RecSys ’18: Causal Embeddings for Recommendation

4 min readJun 8, 2020

Recommendation system paper challenge (17/50)

https://www.pinterest.com/pin/634515034972497468/

What problem do they solve?

Most of the real-world recommendation system trained the model based on the biased user feedback data.

For example, items with long-living history will have much more impression than other items, which leading new items seldom show to users.

What is the model they propose?

They proposed Causal Embeddings model by requiring little modifications on MF model.

First they prepare two dataset: one is from current recommendation system (large, biased, control) the other one is from fully randomized (small, unbiased, treatment).

And then jointly update the models with SGD (stochastic gradient descent).

Data?

MovieLens10M

Netflix datasets

Metric?

AUC: area under ROC curve

MSE Lift

Baselines model?

Matrix Factorization Baselines

Bayesian Personalized Ranking (BPR)

https://www.slideshare.net/zenogantner/bayesian-personalized-ranking-for-nonuniformly-sampled-items

Supervised-Prod2Vec (SP2V):

Causal Inference Baselines:

Weighted-SupervisedP2V (WSP2V):

They applied SP2V algorithm on propensity-weighted data to test the performance of propensity-based causal inference.

BanditNet (BN):

They employed SP2V as our target policy πw and model the behavior of the recommendation system as a popularity-based solution as the existing policy πc.

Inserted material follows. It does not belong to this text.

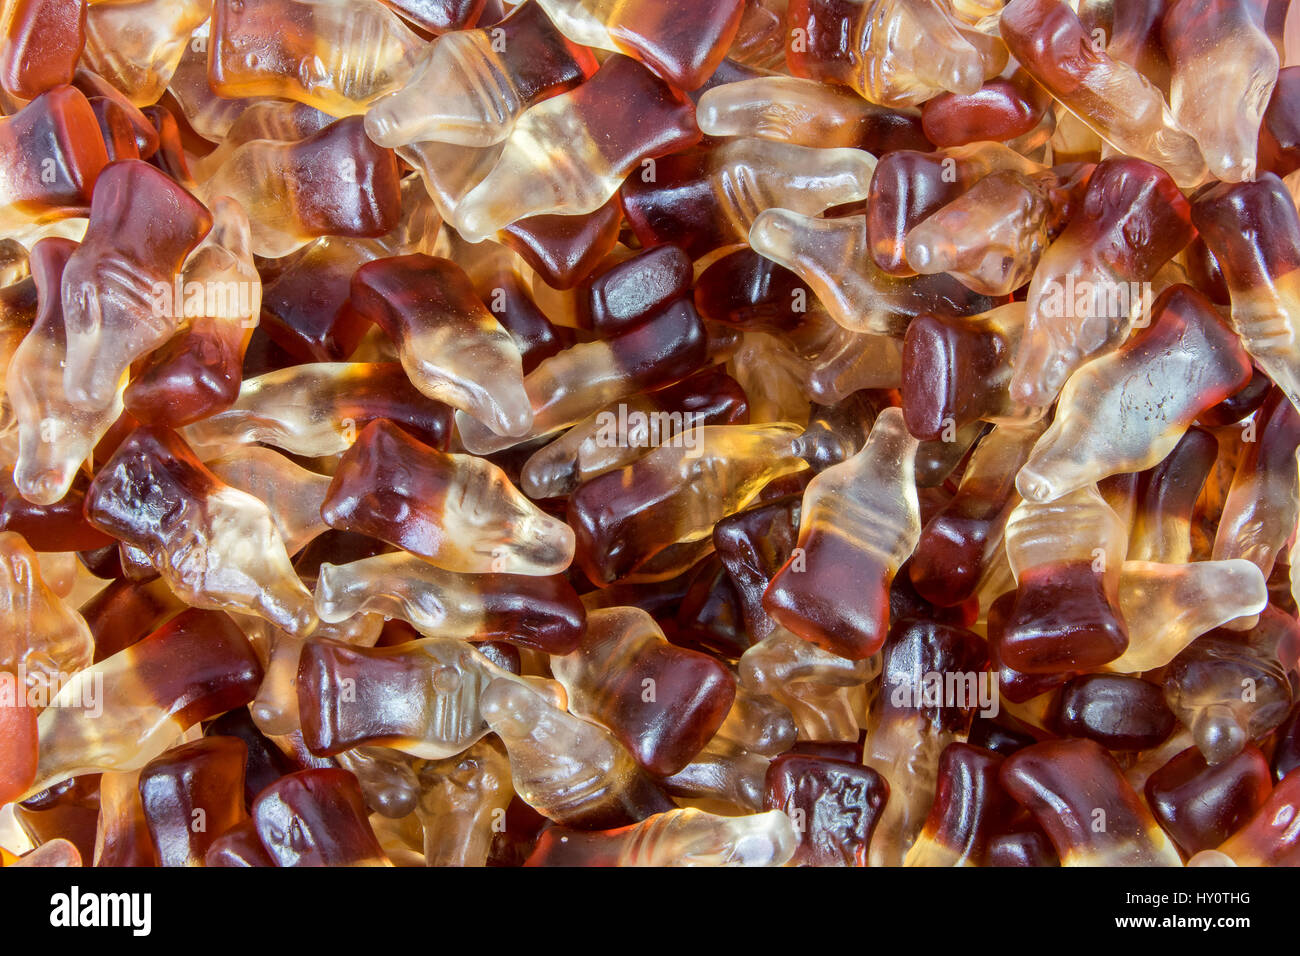 Nahaufnahme der Cola Flasche Gummibärchen Bonbons Stockfotografie - Alamy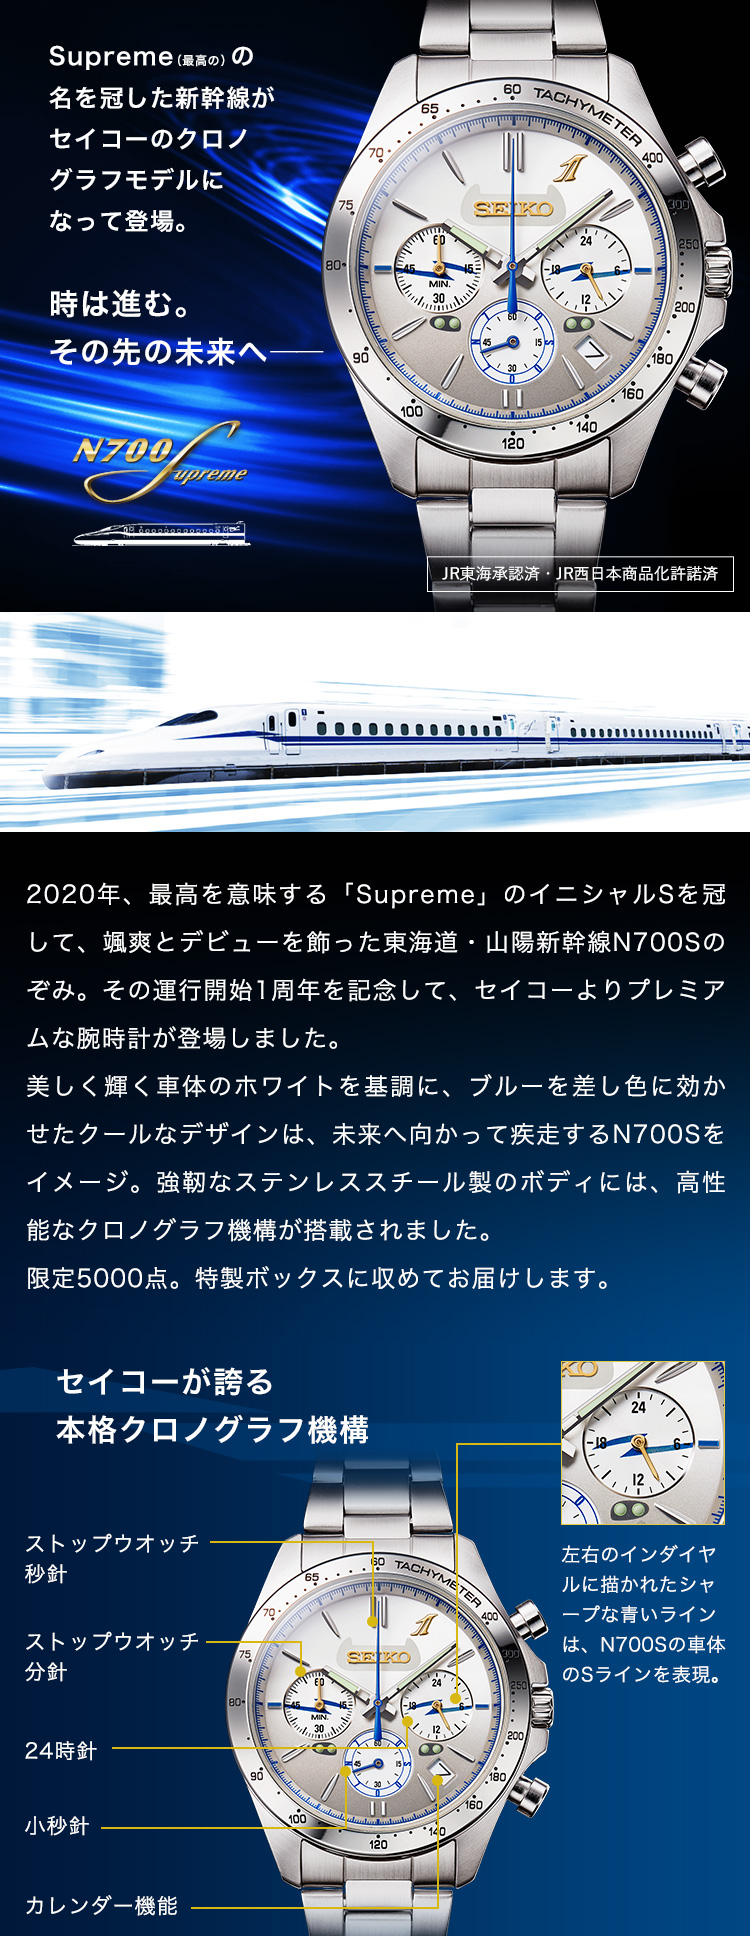 Supreme（最高の）の名を冠した新幹線がセイコーのクロノグラフモデルになって登場。時は進む。その先の未来へ――

How to Leverage The Exploration Sample St

Leveraging The Exploration Sample S

No adaptation (no) — It is trained only on the Sc sample.
Blended adaptation (blend) — the algorithm is trained on the union of the Sc and St samples.
Test-only adaptation (test) —the model is trained only on the St samples.
Average test adaptation (avg) — the algorithm constructs an average treatment product by pooling all of the points from the St sample into a single vector (it applies only to CausE).
Product-level adaptation (prod) — the algorithm constructs a separate treatment embedding for each product based on the St sample (it applies only to CausE). For the final prediction we can use either the control (denoted by CausE-prod-C) or the treatment product representation (denoted by CausEprod-T).

Result

My review:

Training on biased data is universal in real-world.

Although there are many approaches relaxing this problem. For example, utilizing time-delay feature or downsampling method to pick high probability of new items, the algorithm they propose is still novel idea to me.

I feel like the most cost is creating random set (St) and training two models for further model improvement in the future. For example, when we need to add 1 feature to our model, we need to train 1 model for Sc and the other one for St also modified training pipeline, not much sure this approach will give big gain compared with other simple methods.